THE FAMOUS Regent ghost, which has appeared off and on since the centre re-opened in its present form in 1983, will have company next week, when the award-winning Arena Theatre presents Scrooge, the musical version of Charles Dickens' celebrated festive fable, A Christmas Carol. With no fewer than four ghosts in the cast, the resident spectre might just get spooked - but more likely it will simply sit back, relax and enjoy the heart-warming show.

Scrooge the Musical is the brainchild of that brilliant writer-composer Leslie Bricusse.
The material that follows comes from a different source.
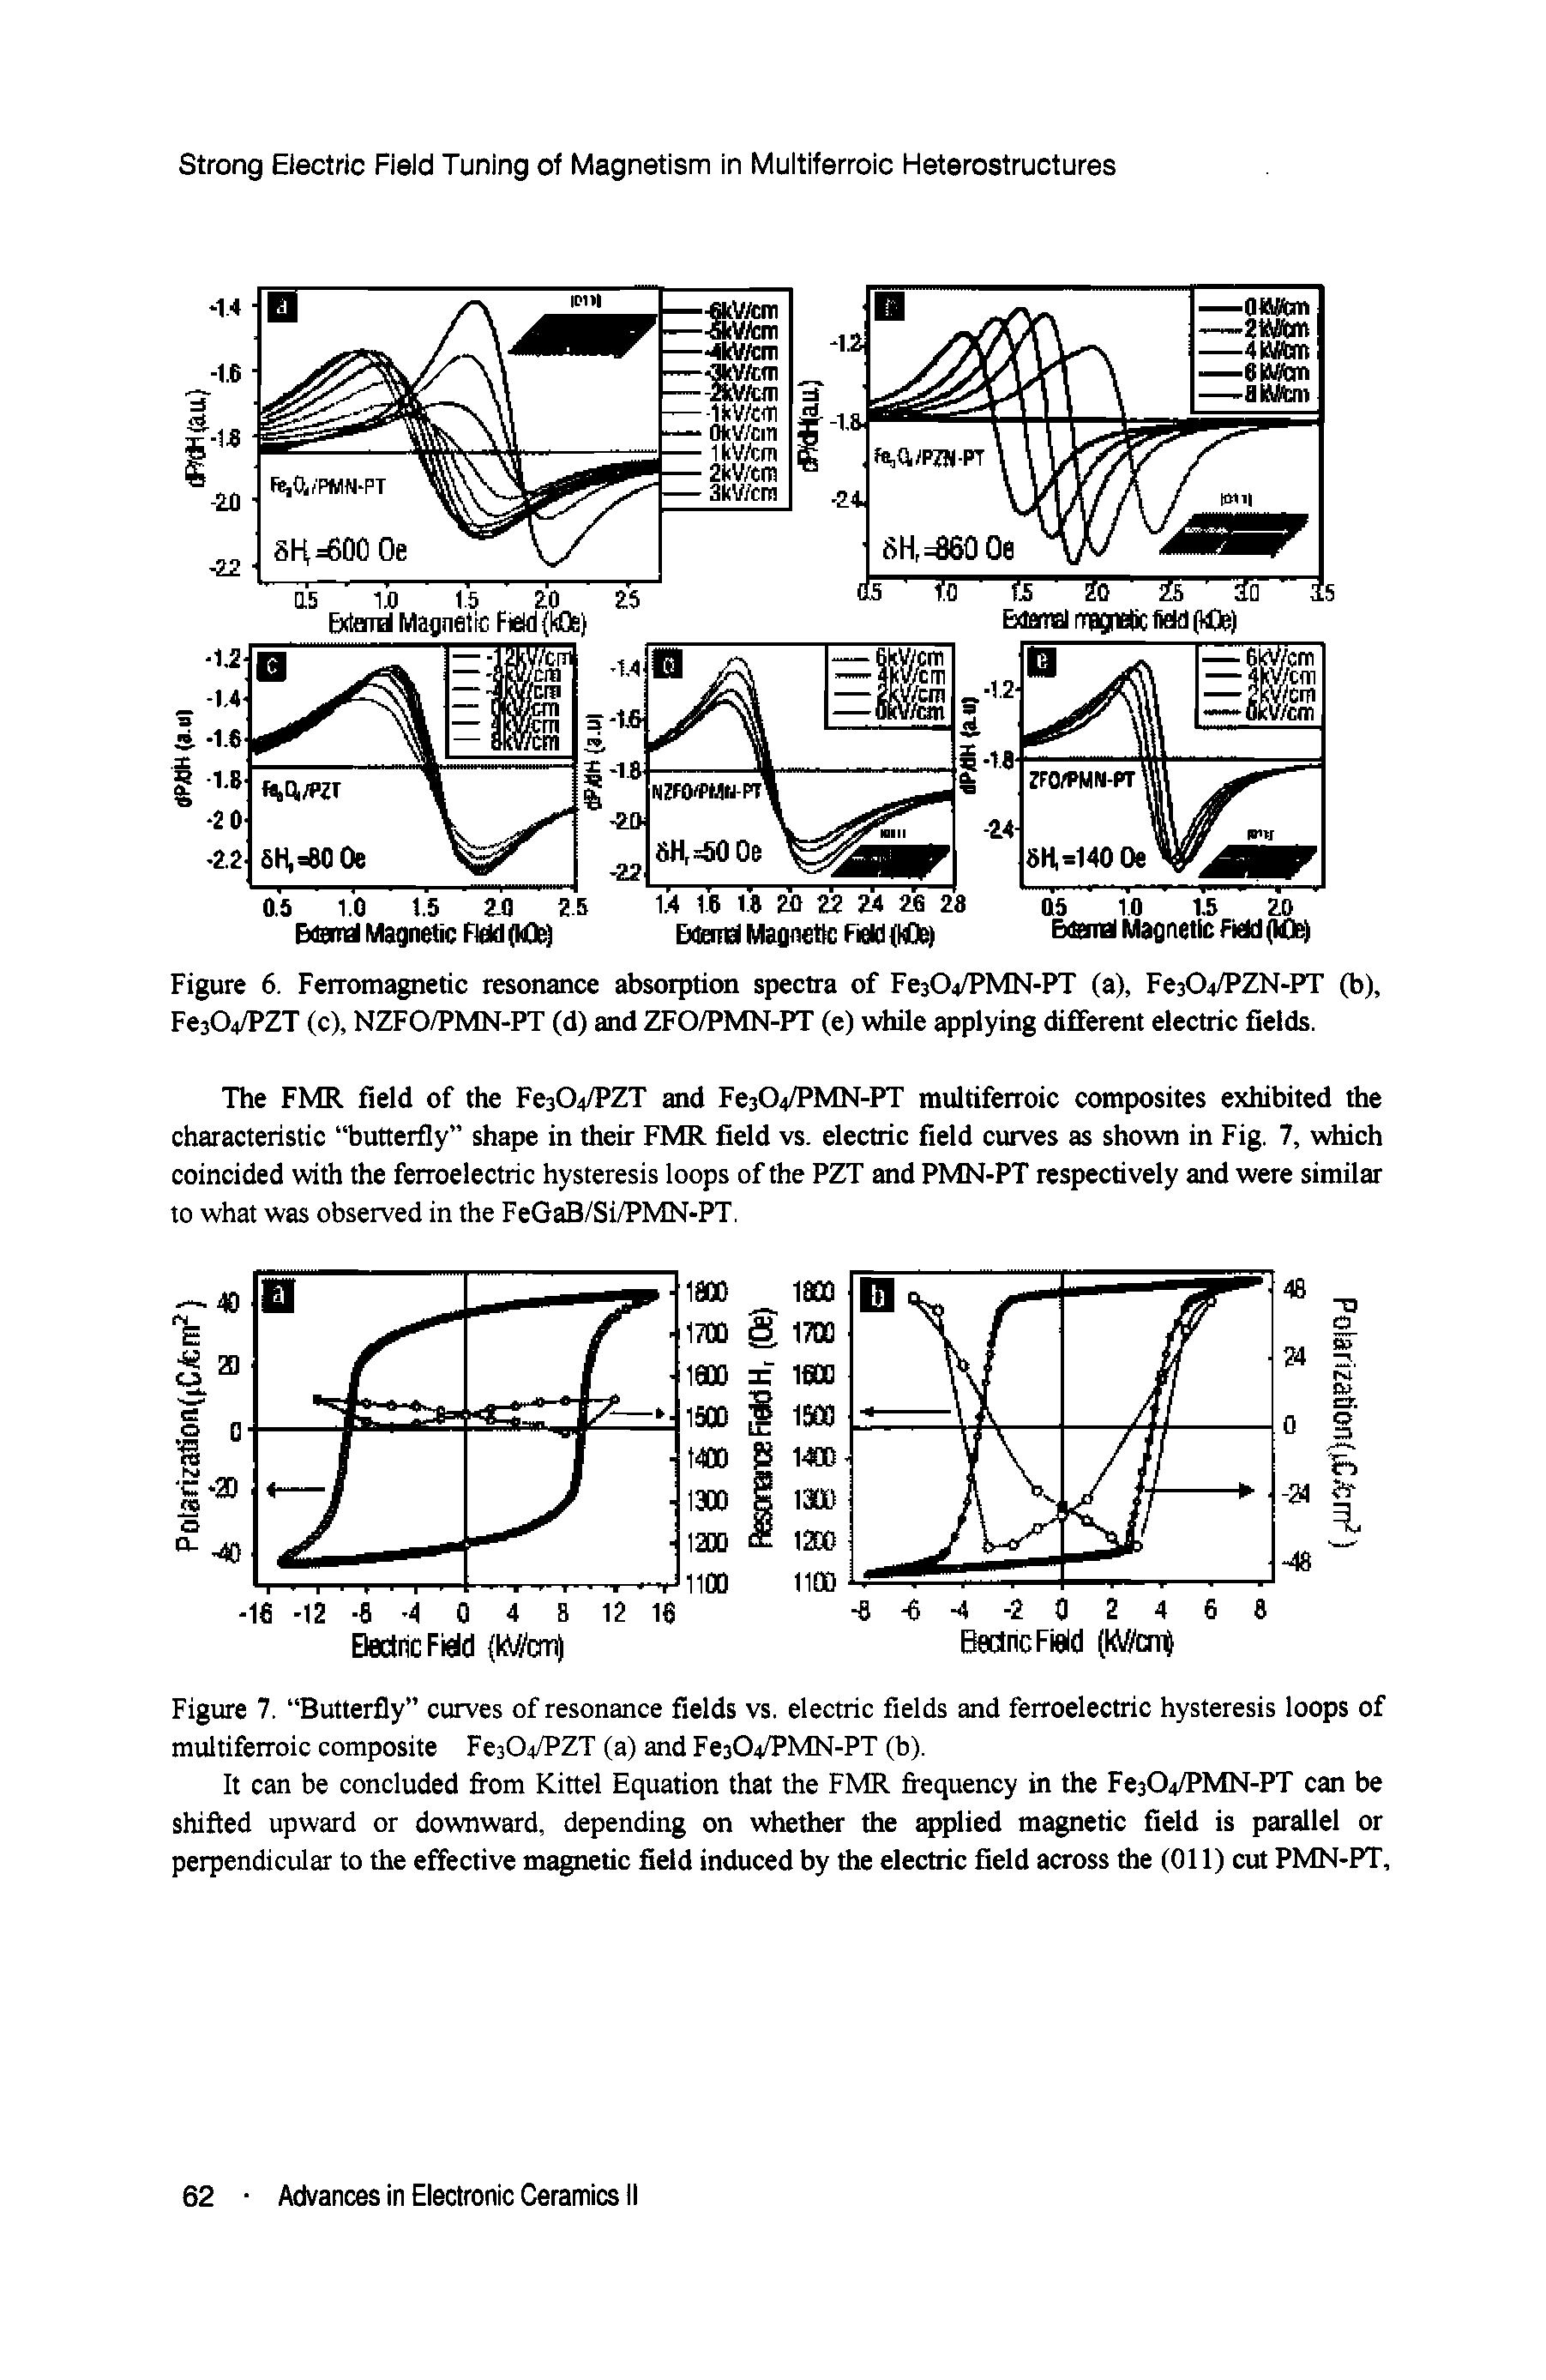 Figure 7. Butterfly curves of resonance fields vs. electric fields and ferroelectric hysteresis loops of muitiferroic composite Fe304/PZT (a) and FesOVPMN-PT (b).

He originally wrote the music for the 1970 film, which starred Albert Finney as Scrooge with Alec Guinness, Edith Evans and Kenneth More as three of the ghosts. The film was a technical triumph and garnered several Oscar nominations, most notably for Best Song - Thank You Very Much, sung by Anton Rodgers. Scrooge was adapted for the stage and enjoyed a successful national tour and West End production in the mid '90s, with the late Anthony Newley so memorably making the role his own.

Dickens said that he had neither laughed nor cried so much as when he was writing A Christmas Carol, and it is not hard to see why. Scrooge is literature's most famous fictional skinflint. The "grasping old sinner" is a curmudgeonly old miser who has spent his life extracting his pound of flesh as a notorious moneylender. His cruelty is personified in his treatment of his loyal clerk, Bob Cratchit, who is underpaid and mistreated - but gradually Scrooge is converted, by a series of Christmas visions, from bitterness to kindness personified.

Tim Wallace-Abbott directs Arena's production, which stars John King as Scrooge, and Jonathan Spratt is musical director. Performances are from Wednesday to Saturday at 7.30pm, and there is a Saturday matinee at 2.30pm.